The functionality of surrogates and of the virtual control zone is highly correlated with the levels of cooperation that exist among institutions. As with many digital library solutions, automated mechanisms for asserting control in a distributed environment co-exist with human and organizational realities. As a result, V-A Surrogates may implement well-defined responsibilities shared between trusted partners, or they may represent best-effort attempts of an organization to assert some degree of influence or monitoring over external resources that are completely out of their physical control. This section describes a number of scenarios along this control and cooperation spectrum.

Cooperative Relationships

Cooperative agreements have historically enhanced the functionality of individual libraries. For example, agreement among libraries on cataloging standards and MARC encoding has facilitated widely practiced sharing of cataloging records. Initiatives such as the Committee on Institutional Cooperation (CIC) have made it possible for libraries to extend their catalogs beyond institutional boundaries. Recently, with the availability of an increasing number of digital resources, libraries have entered into new types of agreements for distributing responsibility for these resources. For example, an agreement between the Library of Congress and Bell and Howell Information and Learning Company (formally UMI) effectively cedes some of the Library's custodial responsibility for dissertations to Bell and Howell while stating a fail-safe provision to ensure their long-term preservation.

Value-Added surrogates enable and empower such cooperative relationships by creating a mechanism for uniformly automating provisions of such agreements. Some examples of the use of V-A surrogates for such cooperative arrangements are as follows.

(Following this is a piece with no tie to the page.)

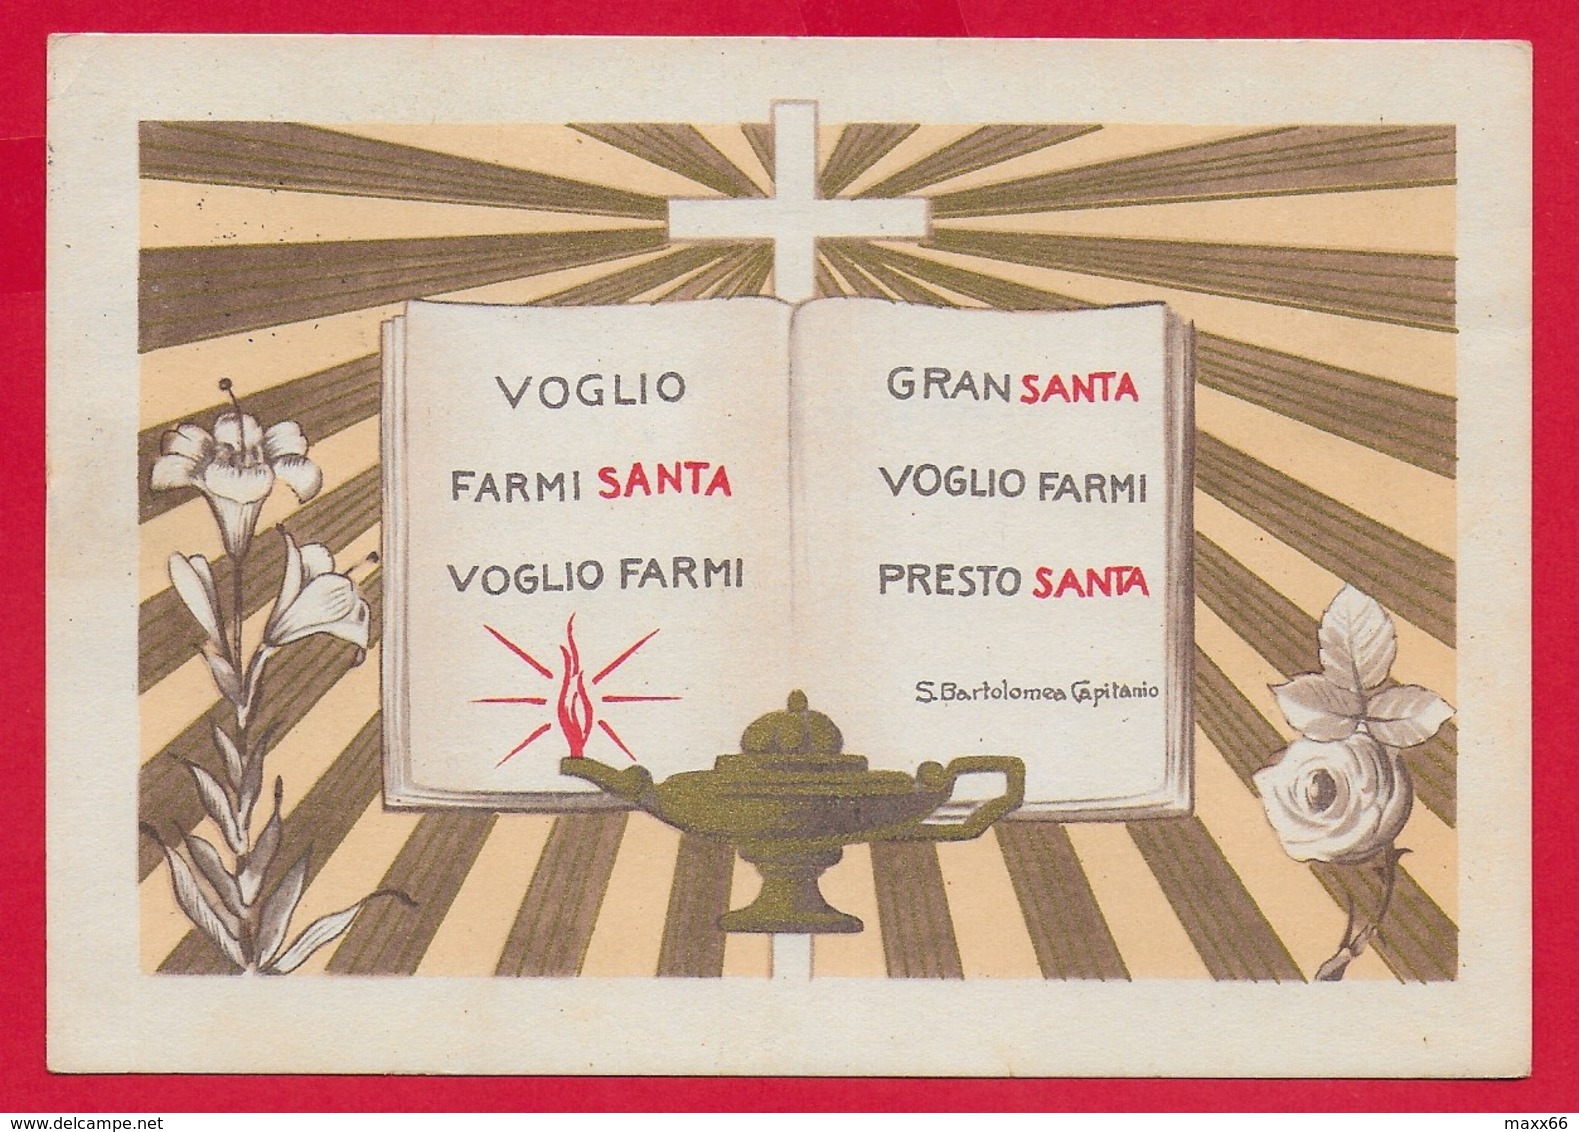 CARTOLINA VG ITALIA - Voglio Farmi Santa ... - S. Bartolomea CAPITANIO - Suore Di Carità - 10 X 15 - 1968 - Santi

  • Delegating Responsibility - Content providers sign a variety of licensing agreements with libraries and similar information intermediaries. For example, a license with the Cornell library might provide free access for all students with for-cost access to alumni. A license with the Stanford library, on the other hand, might mandate for-cost access to all affiliated people. Rather than implementing the details of the agreement itself, the provider might cede such responsibility to the licensing party. This might involve the provider granting access to a certified library server that stores V-A Surrogates that are capable of providing specific access controls per the license agreement. In section 5, we describe specific experiments with such V-A surrogates for enhanced access management.
  • Partitioning Responsibility - Another model of cooperation recognizes that some aspects of access and management are generic, while others should be tailored for individual users and institutions. For example, parties may enter into a trusted relationship where they agree that content provider will act as long-term custodian for data, but the accessing institution will be responsible for providing user interface services for data presentation. Accessing institutions could then use V-A surrogates to tailor the interfaces to the objects in a manner appropriate for their clientele.
  • Sharing Standards - Yet another scenario is where cooperating providers and consumers agree to an interoperability strategy that enhances functionality of the content. For example, the latest version of the SFX linking software [13] relies on a cooperative strategy in which content providers supply so-called "OpenURLs" that are then used by accessing portals to afford enhanced linking behavior. In section 5, we describe related work that uses V-A surrogates to provide uniform linking functionality for distributed content.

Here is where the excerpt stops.